Ярким выражением этой борьбы в литературе является, в частности, объединение демократических писателей вокруг Горького и издававшихся им альманахов «Знание». В. И. Ленин оценил их как «сборники, стремившиеся концентрировать лучшие силы художественной литературы». И вот первый же номер «Знания» открывается программной поэмой Горького, целиком противостоящей символистскому пониманию жизни, искусства, человека.

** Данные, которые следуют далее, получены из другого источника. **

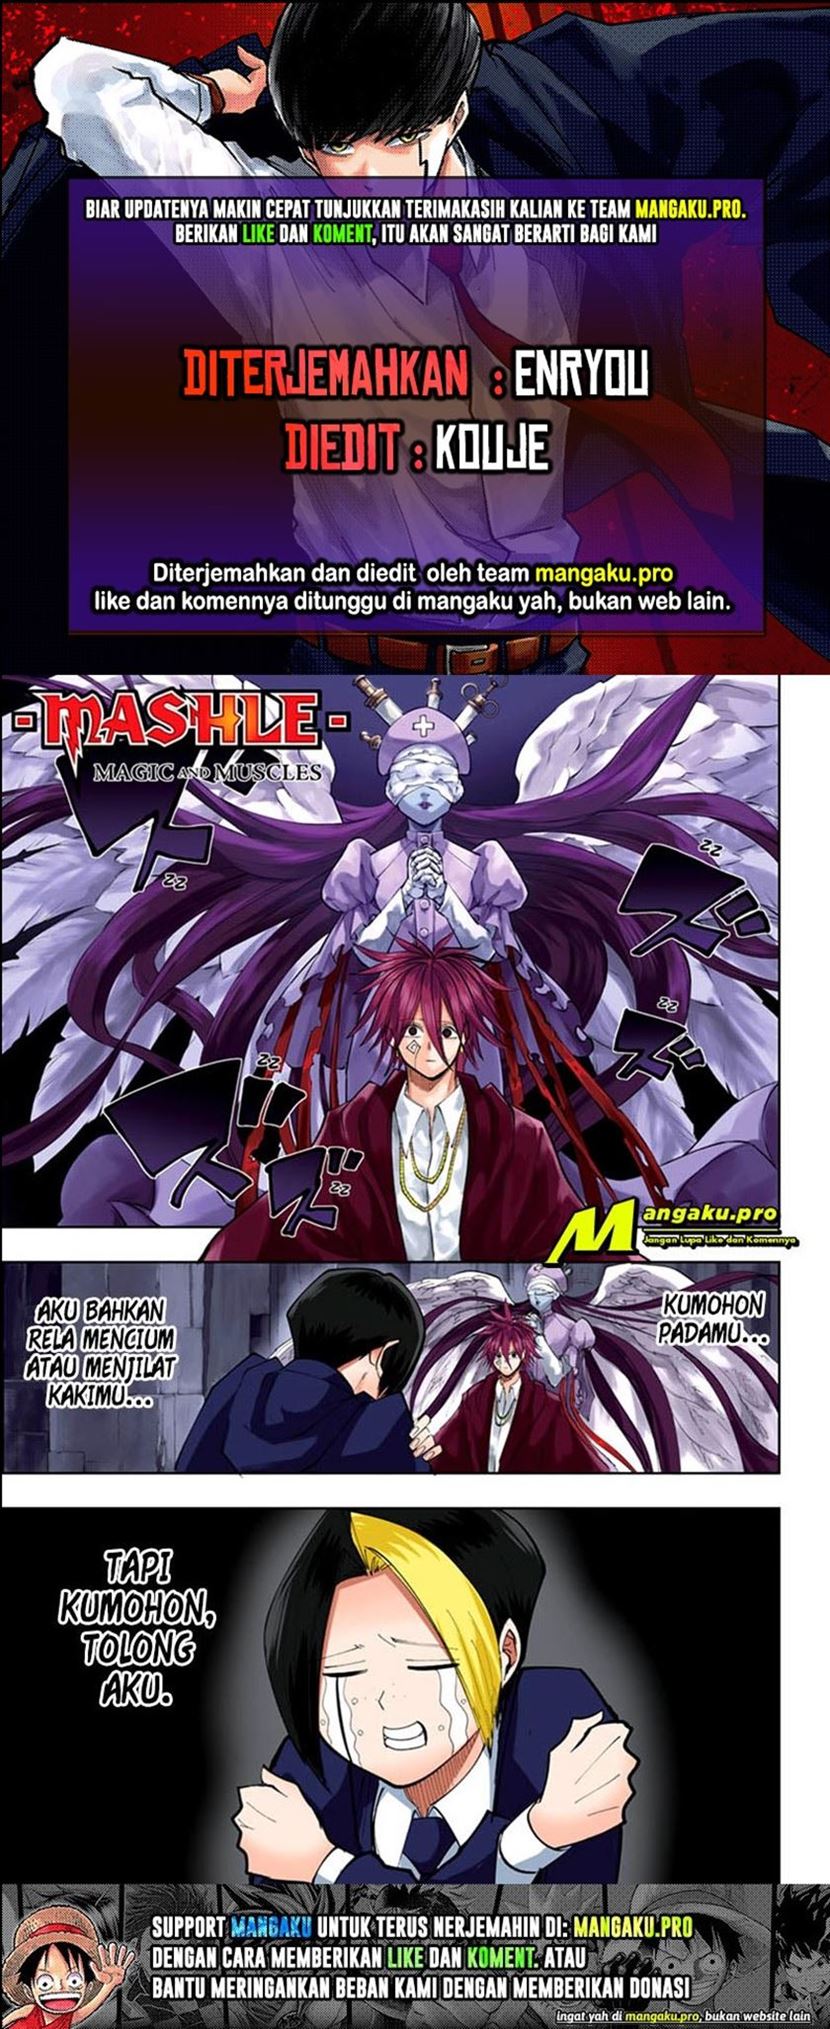 Mashle: Magic and Muscles Chapter 52

Философии, утверждающей господство бессознательного, религии, мистики, противопоставляется разум и материалистическая философия; «клетке» агностицизма — всесилие мысли; презрению к людям и восхвалению индивидуалистического «Я» — высокое уважение к человеку; пассивному уходу в «творимую легенду» — активность деяний «мятежного человека» во имя людей; пессимизму — оптимистическое жизнеутверждение: «Мое оружие — Мысль, а твердая уверенность в свободе Мысли, в ее бессмертии и вечном росте творчества ее — неисчерпаемый источник моей силы!..Уныние, Отчаянье, Тоска — слабостью рожденные три птицы... Смысл жизни — вижу в творчестве... Я создан затем, чтоб опрокинуть, разрушить, растоптать все старое, все тесное и грязное, все злое, — и новое создать на выкованных Мыслью незыблемых устоях свободы, красоты и — уваженья к людям!.. Так шествует мятежный Человек — вперед! и — выше! все — вперед! и — выше!».

Поэма Горького выражала не только личные его взгляды. Это был голос приближающейся «великой бури», голос демократических масс. И совершенно ясно, что в этих условиях мировоззрение старших символистов — с их пессимизмом, утешительной «Мечтой», с их бессилием агностицизма, кокетничающим солипсизмом, — изжило себя. Оно имело свой определенный — глубоко реакционный — смысл в эпоху победоносцевской реакции, когда, говоря словами Вересаева, многие оказались «без дороги»: это была открытая борьба против революционных и материалистических идей Чернышевского, Добролюбова, Некрасова... Но сейчас — для той же, по сути дела, цели — требовалось иное. Чтобы как-то отвечать духу времени, необходимо было реформировать символизм. Время предъявляло требование на общественность, оптимизм, активность, — на эти запросы по-своему и ответили теурги. Они тоже возвещают антииндивидуализм и общественность, — но в «соборном единстве», в единстве мистических сопереживаний; оптимизм, — но в мистической вере в скорое преображение мира; «новую эру»,— но в близящемся мессианском «исходе». Все переводится на язык идеализма и мистики.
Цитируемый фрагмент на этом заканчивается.